» **Task to carry out**:
Go through the listing below and retype exactly the lines starting at the one with "Pastries & cakes" and ending at the one with "Chemical formula of", skipping pictures.

» **Recorded data**:
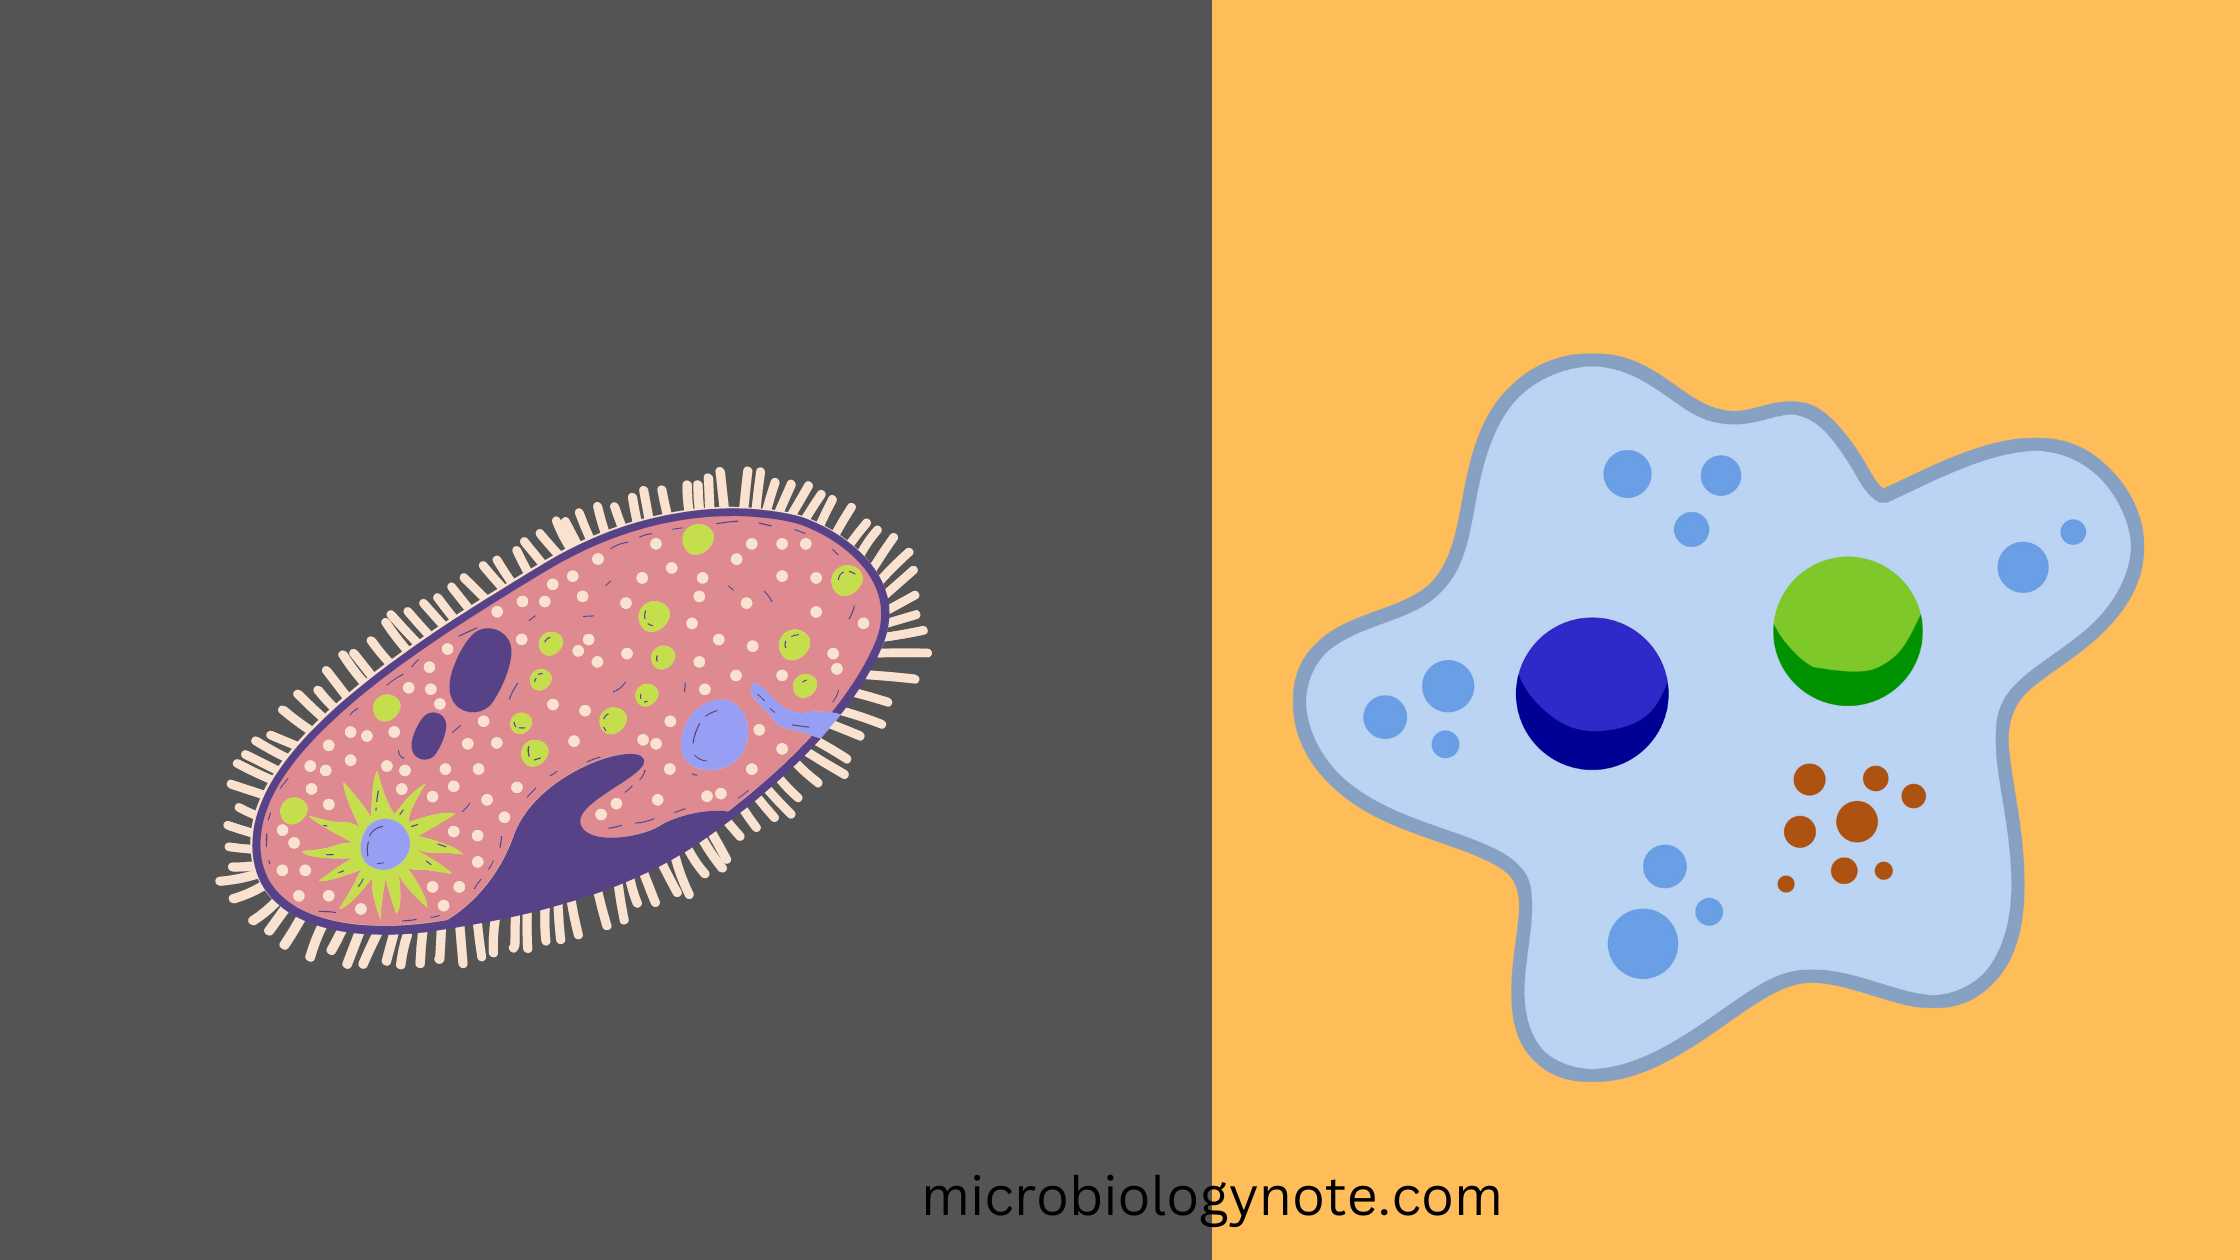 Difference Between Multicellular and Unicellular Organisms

---

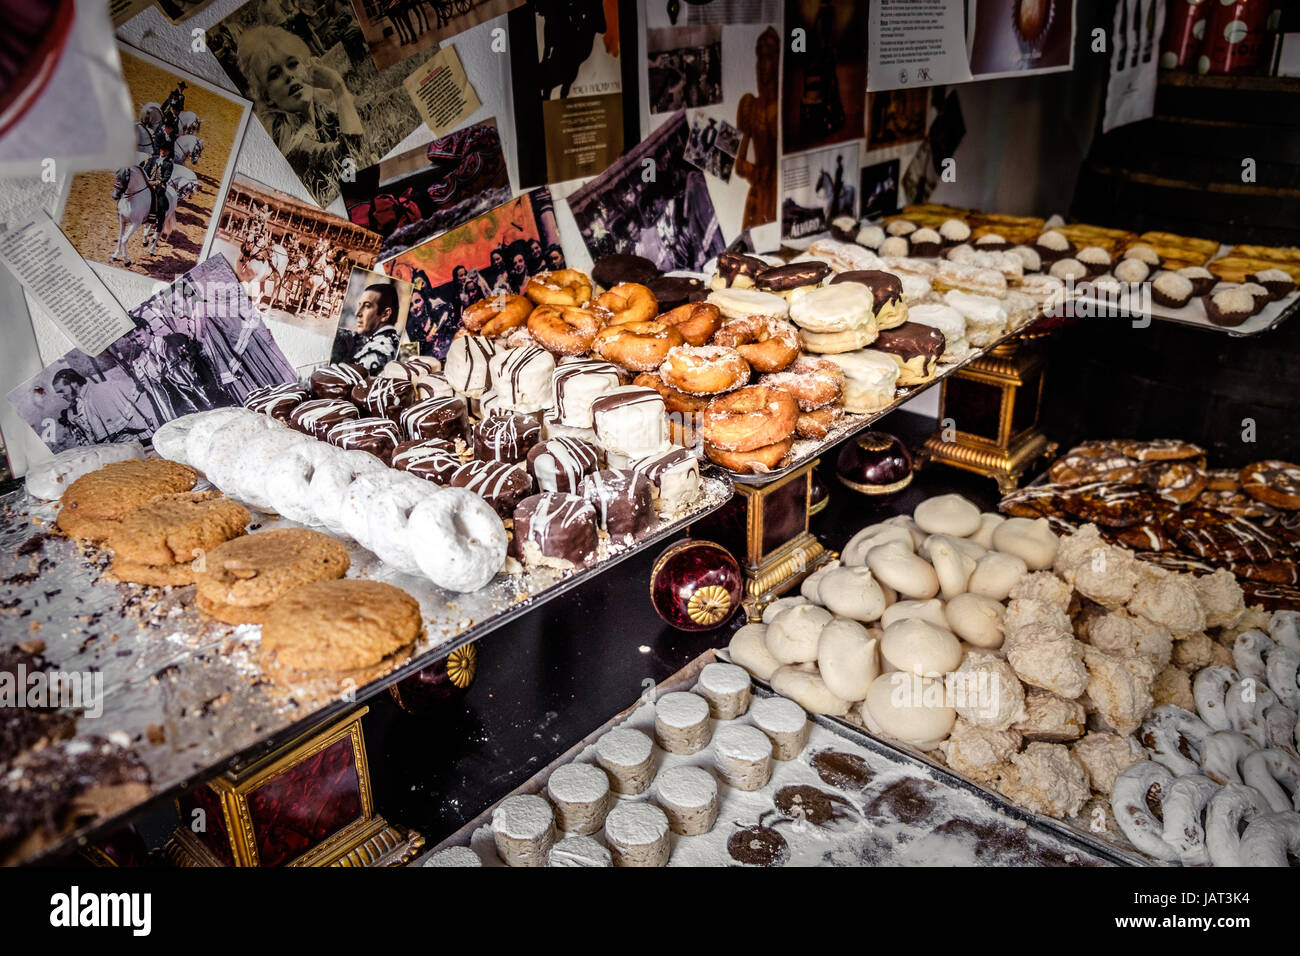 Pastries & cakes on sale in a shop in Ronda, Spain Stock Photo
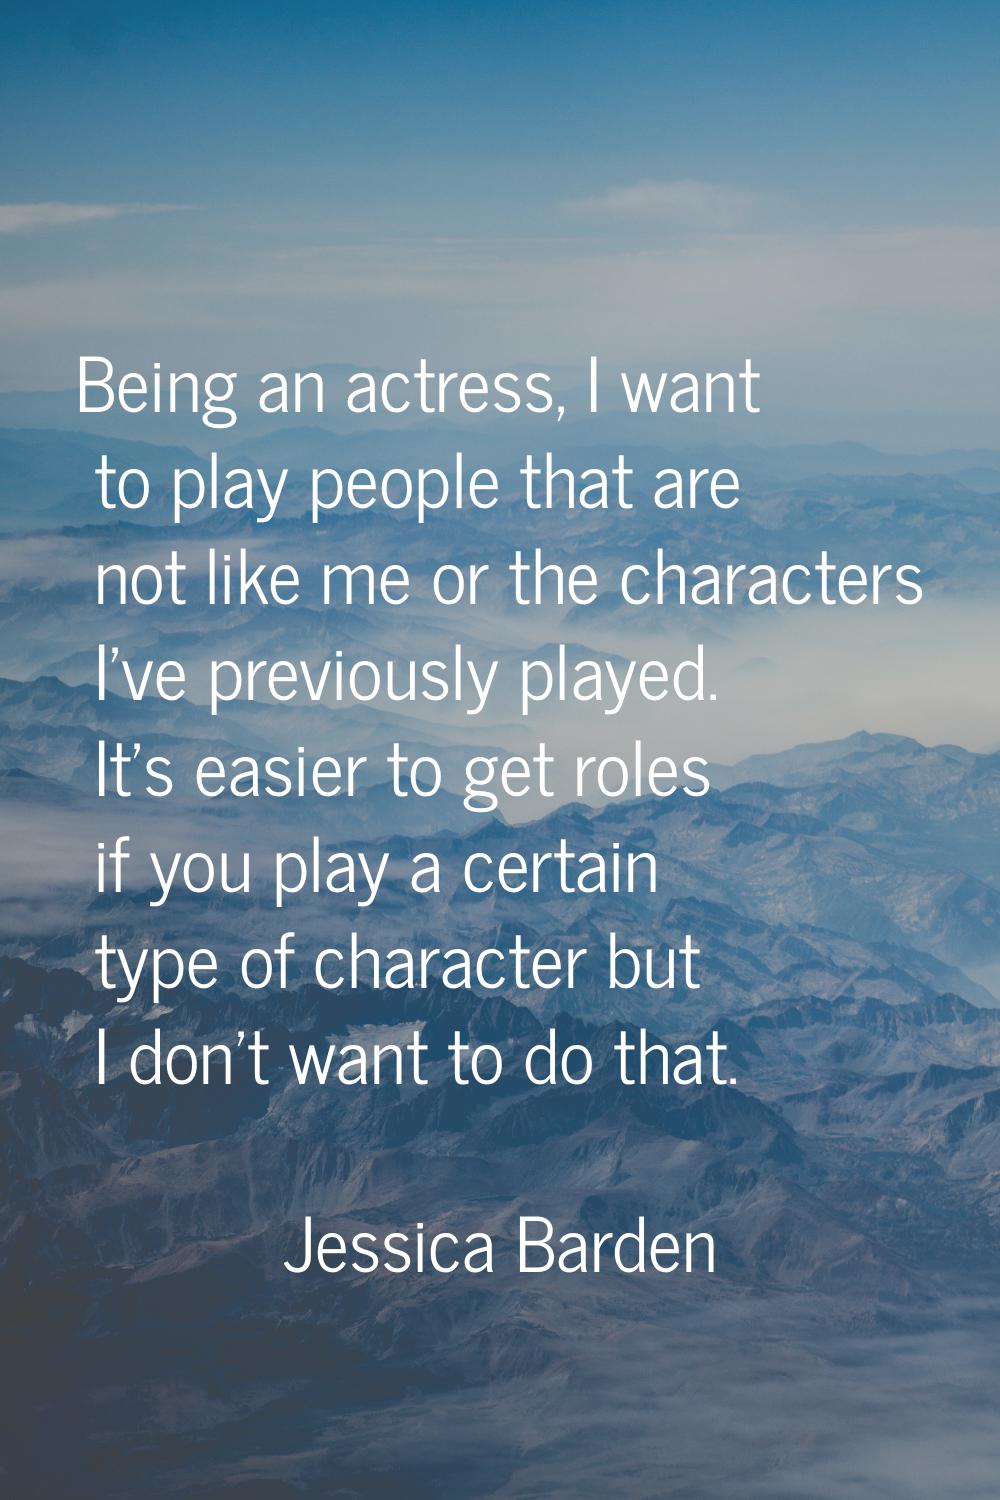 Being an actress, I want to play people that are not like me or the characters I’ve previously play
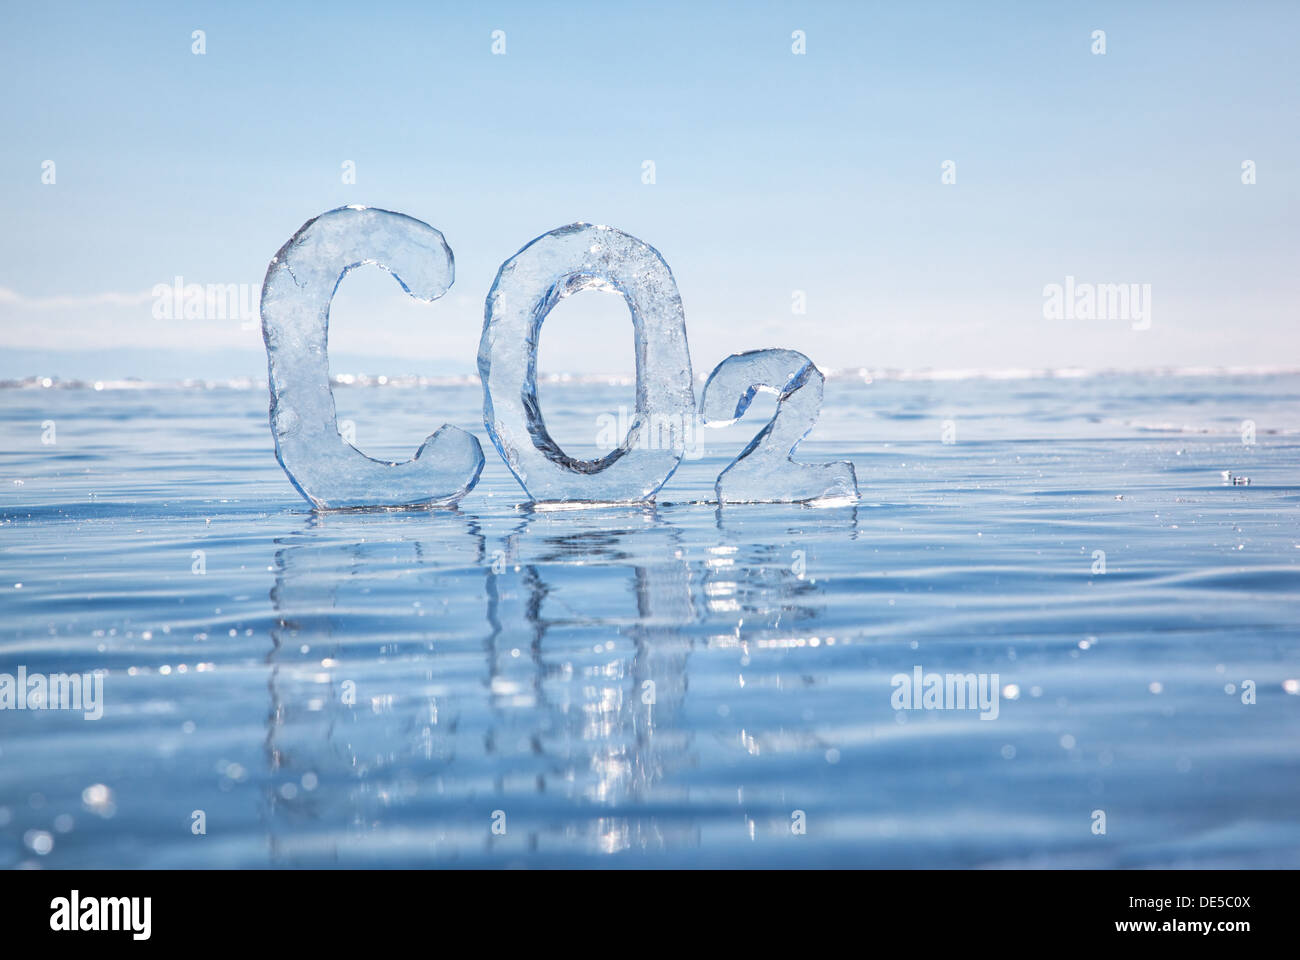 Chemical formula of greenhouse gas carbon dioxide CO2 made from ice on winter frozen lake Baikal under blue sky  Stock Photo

» **Task solution**:
 Pastries & cakes on sale in a shop in Ronda, Spain Stock Photo
 Being an actress, I want to play people that are not like me or the characters I’ve previously play
 Chemical formula of greenhouse gas carbon dioxide CO2 made from ice on winter frozen lake Baikal under blue sky  Stock Photo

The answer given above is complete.